** Given data follows **

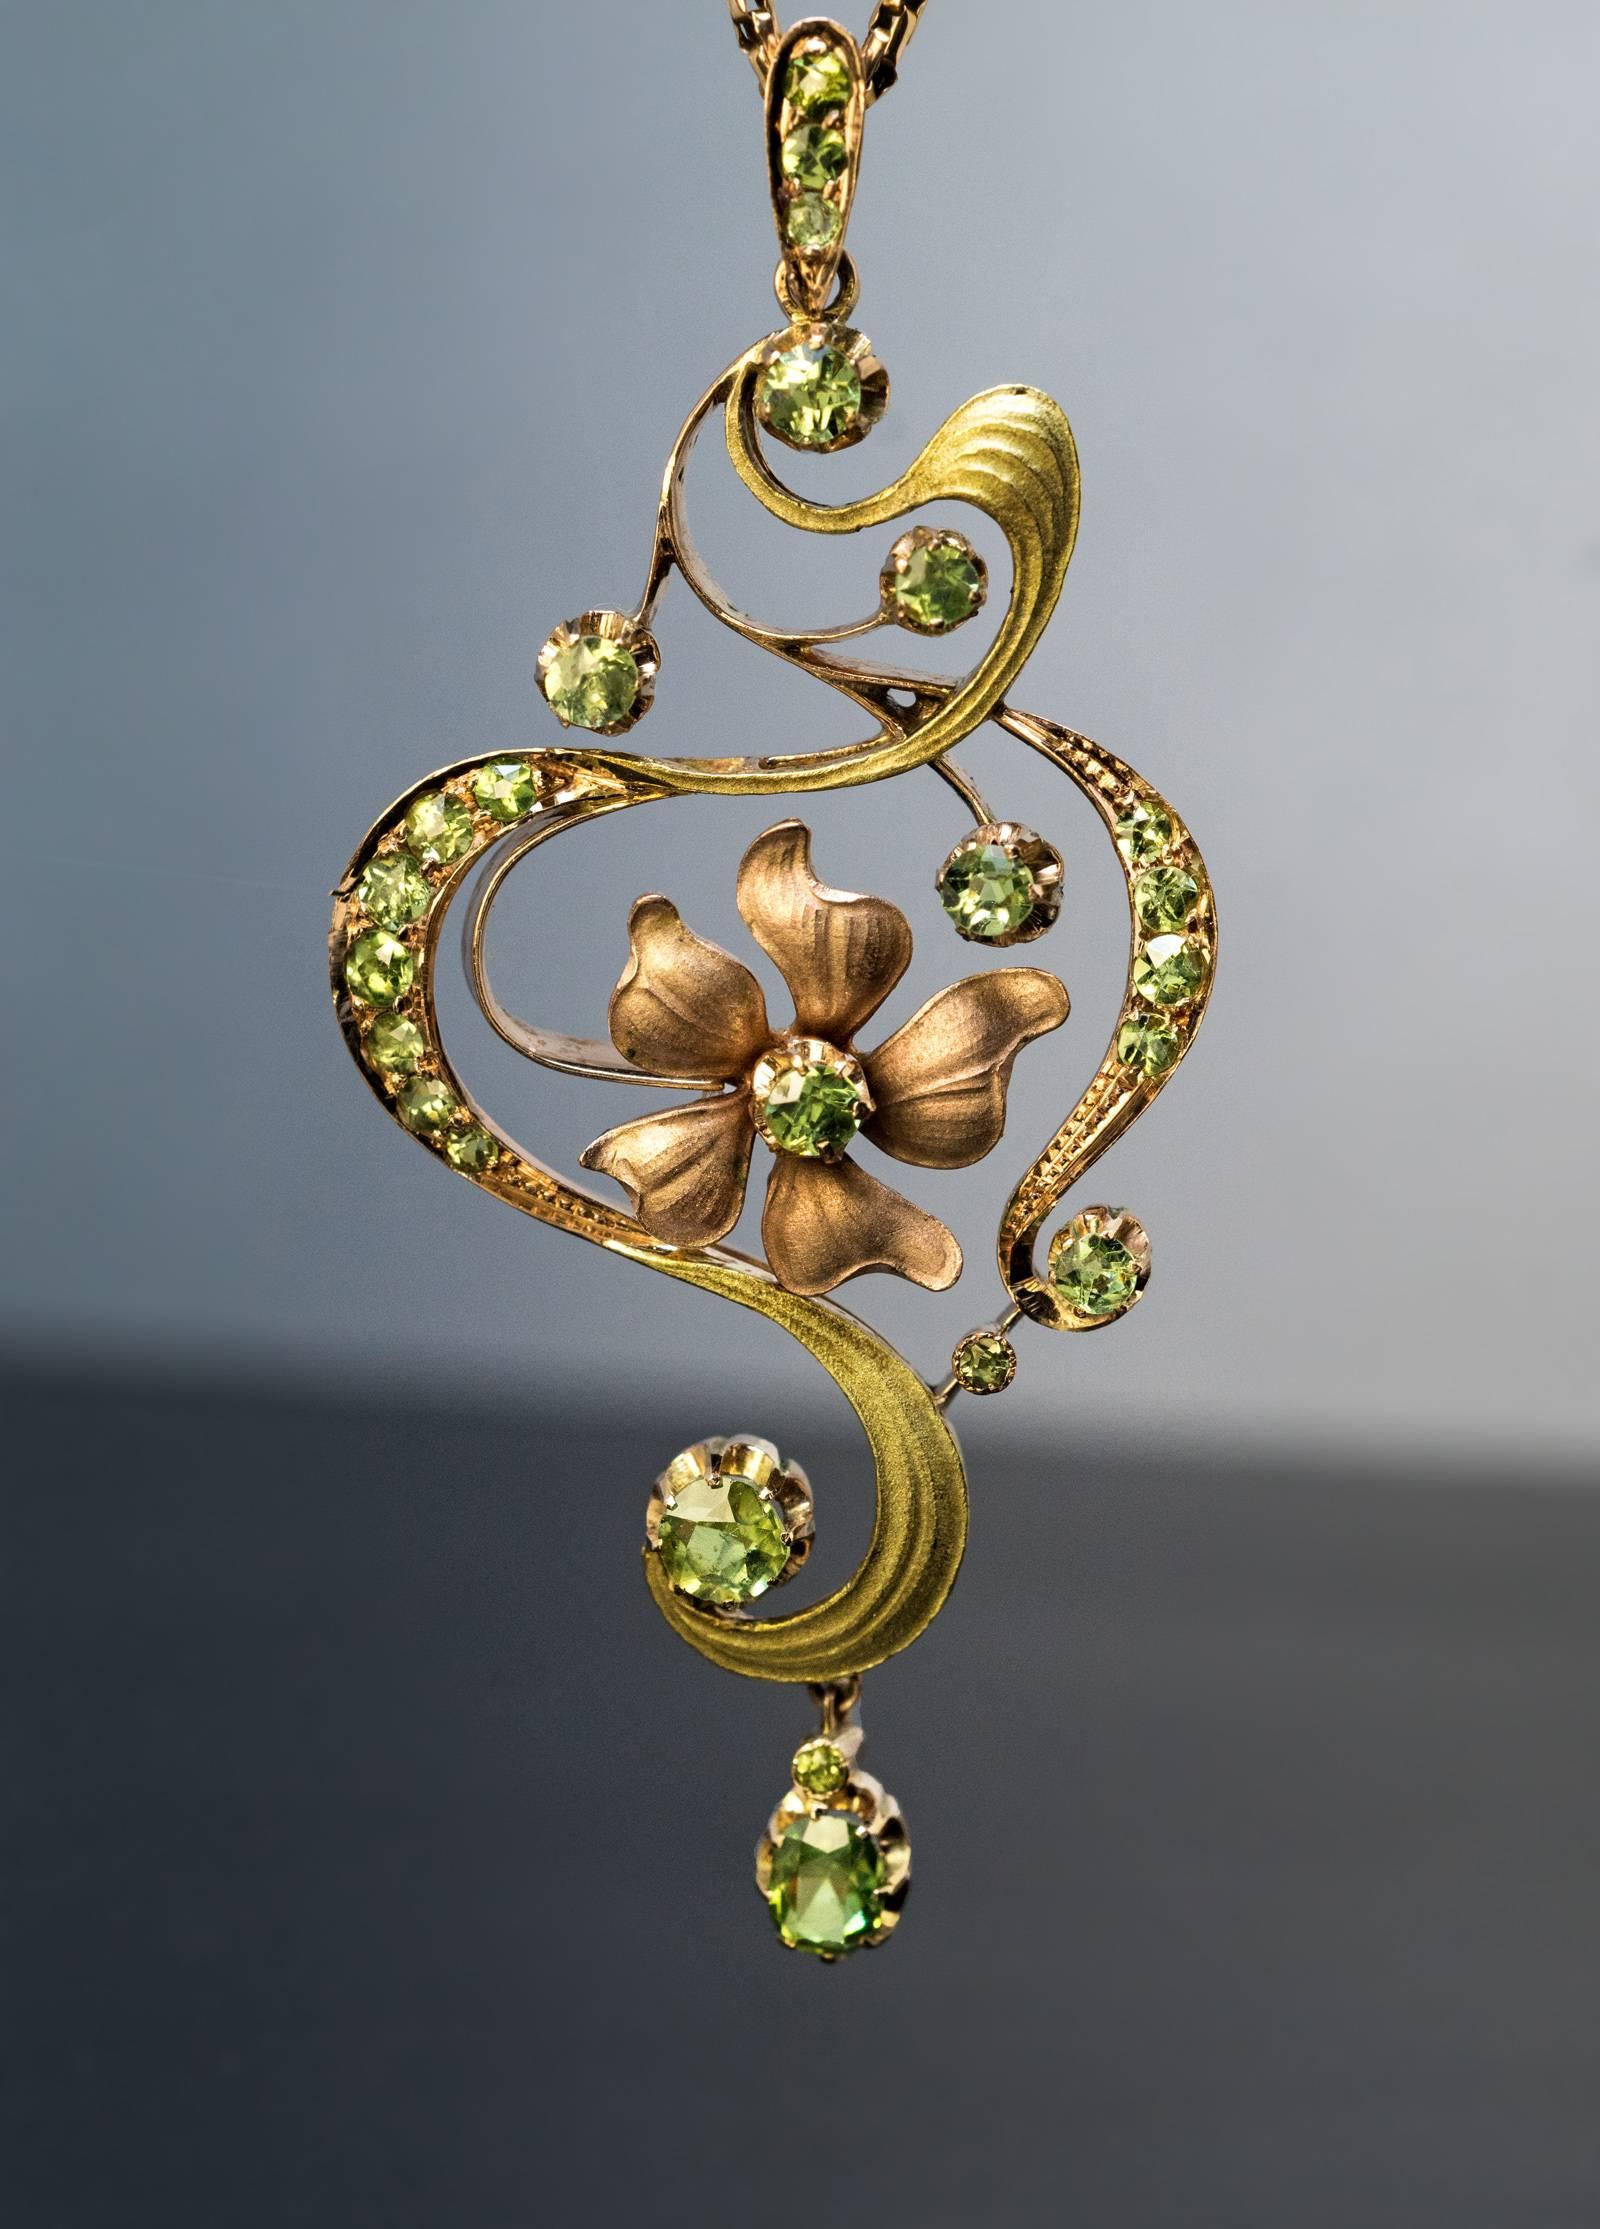 Made in Moscow between 1899 and 1908

An antique 14K rose and green gold pendant is designed in Art Nouveau taste as a stylized flower. The pendant is embellished with sparkling bright apple green Russian demantoid garnets.

The pendant is marked

** End of Given data **

(Problem details): Could you reproduce all of the data above exactly and skip any image?

(Task result):
 Made in Moscow between 1899 and 1908

An antique 14K rose and green gold pendant is designed in Art Nouveau taste as a stylized flower. The pendant is embellished with sparkling bright apple green Russian demantoid garnets.

The pendant is marked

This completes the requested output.